### Problem description
Everything in the listing below needs restating exactly, apart from the pictures.

### Recorded data
—————

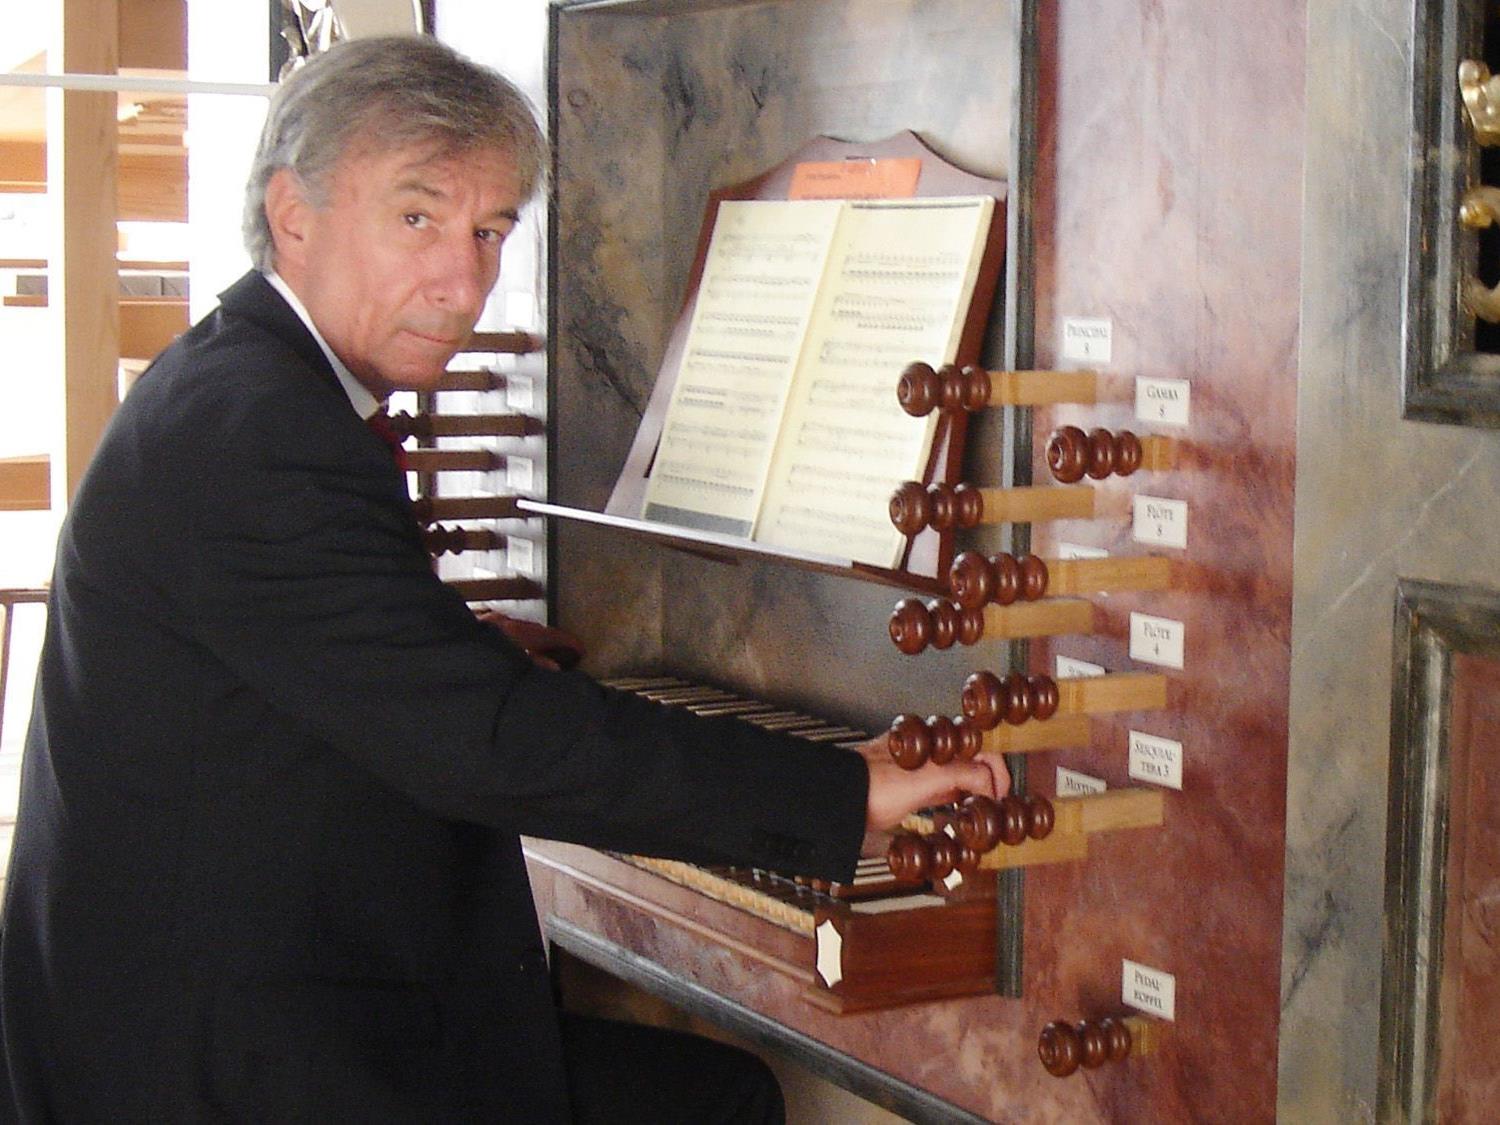 Prof. Bruno Oberhammer spielt am Montag, den 12. November, um 20:15 Uhr in der Pfarrkirche Höchst
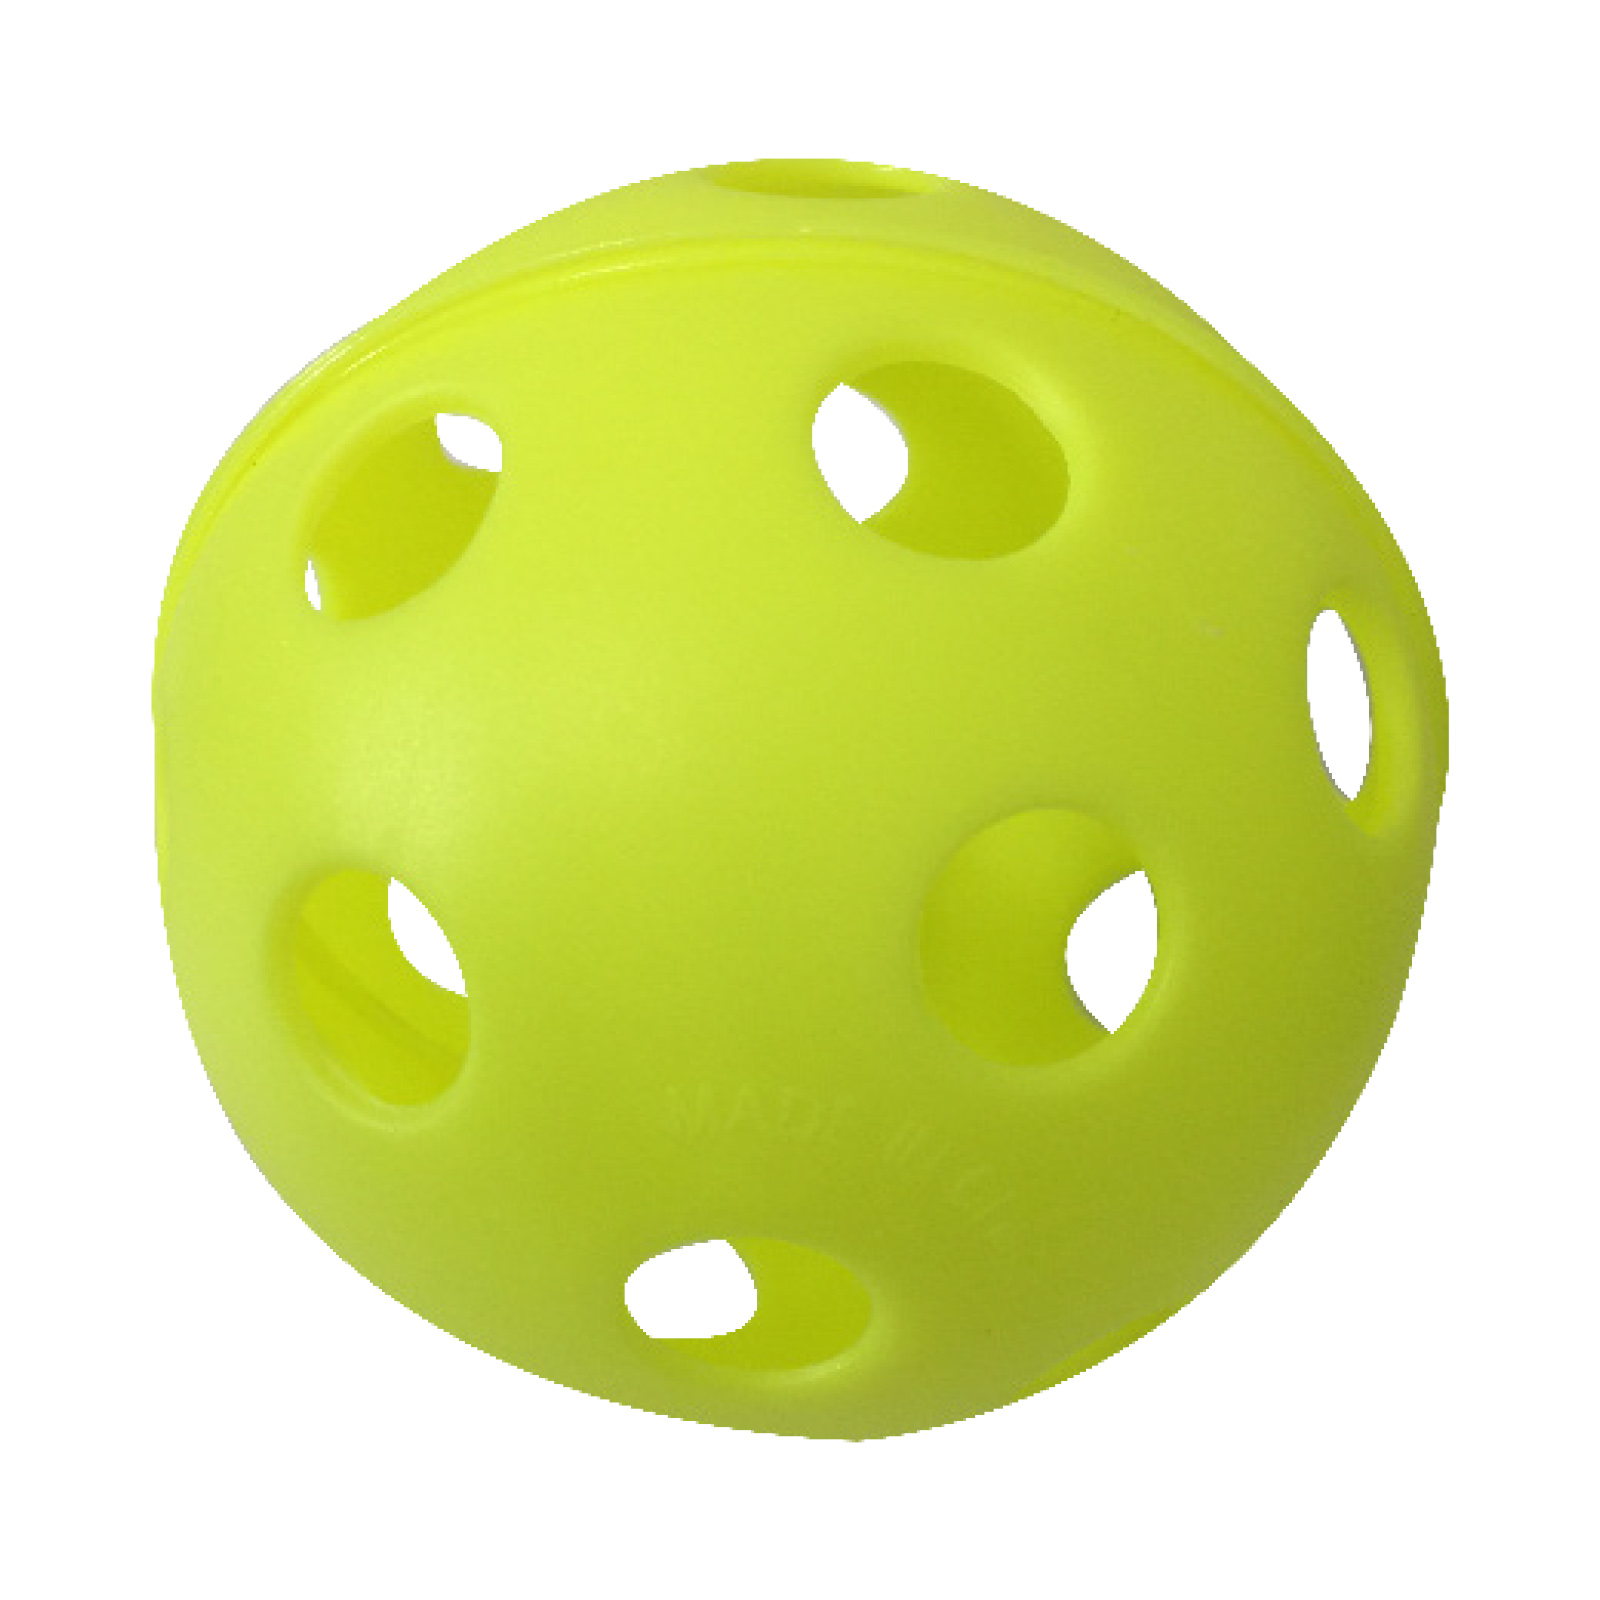 12 inch Wiffle Ball
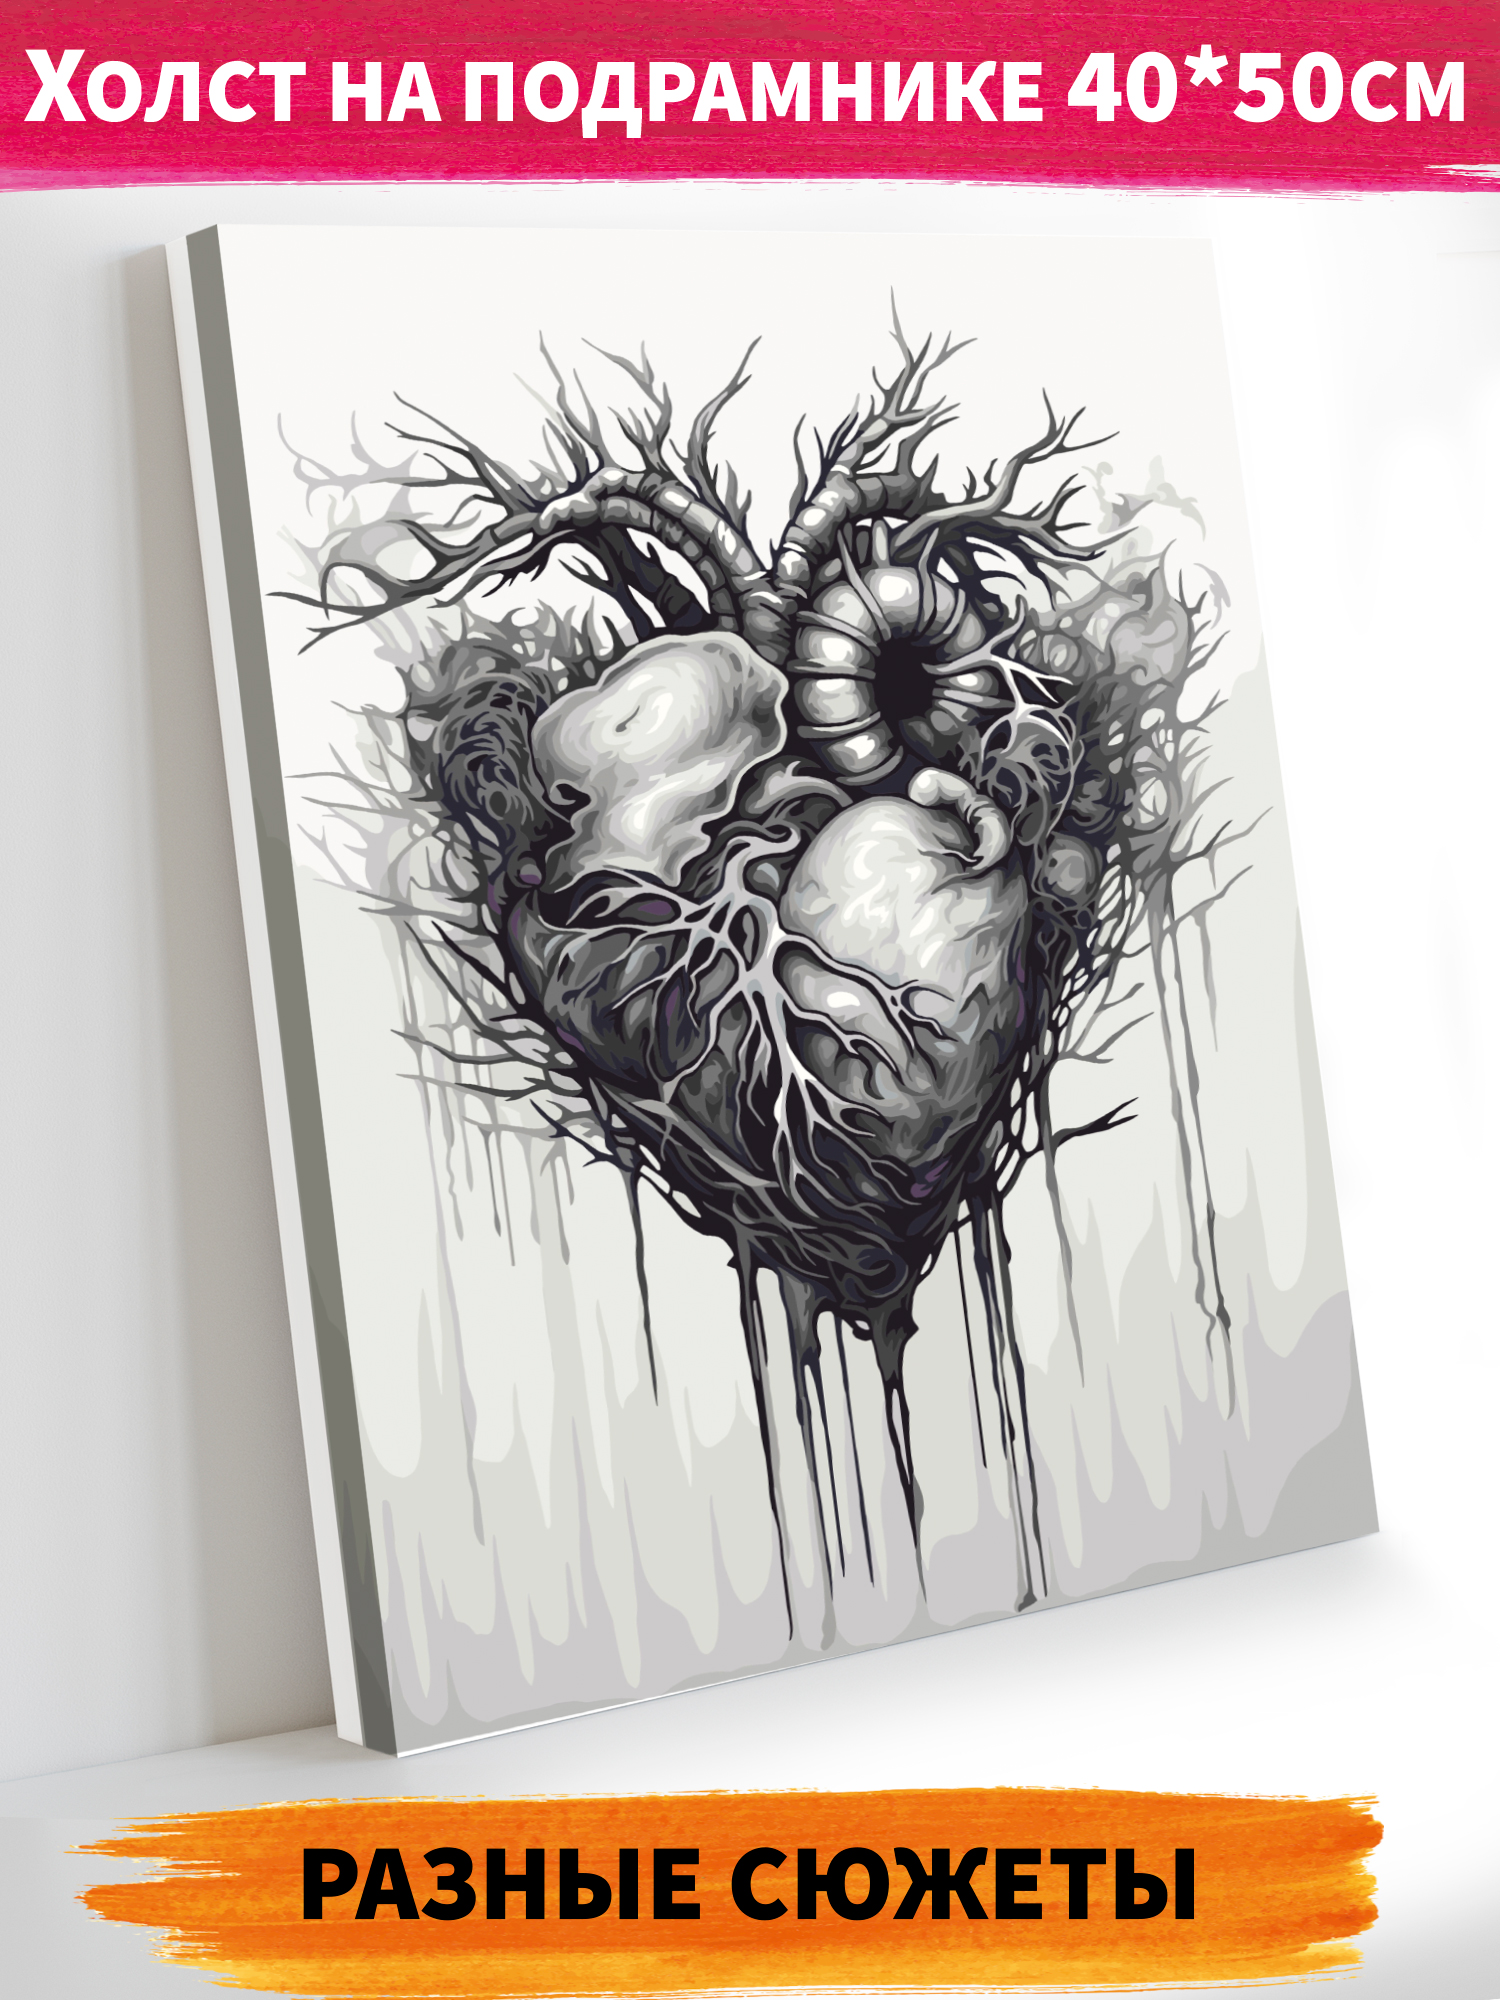 Картина по номерам Hobby Paint холст на подрамнике 40х50 см Сердце - фото 1

—————

### The completed task
 Prof. Bruno Oberhammer spielt am Montag, den 12. November, um 20:15 Uhr in der Pfarrkirche Höchst
 12 inch Wiffle Ball
 Картина по номерам Hobby Paint холст на подрамнике 40х50 см Сердце - фото 1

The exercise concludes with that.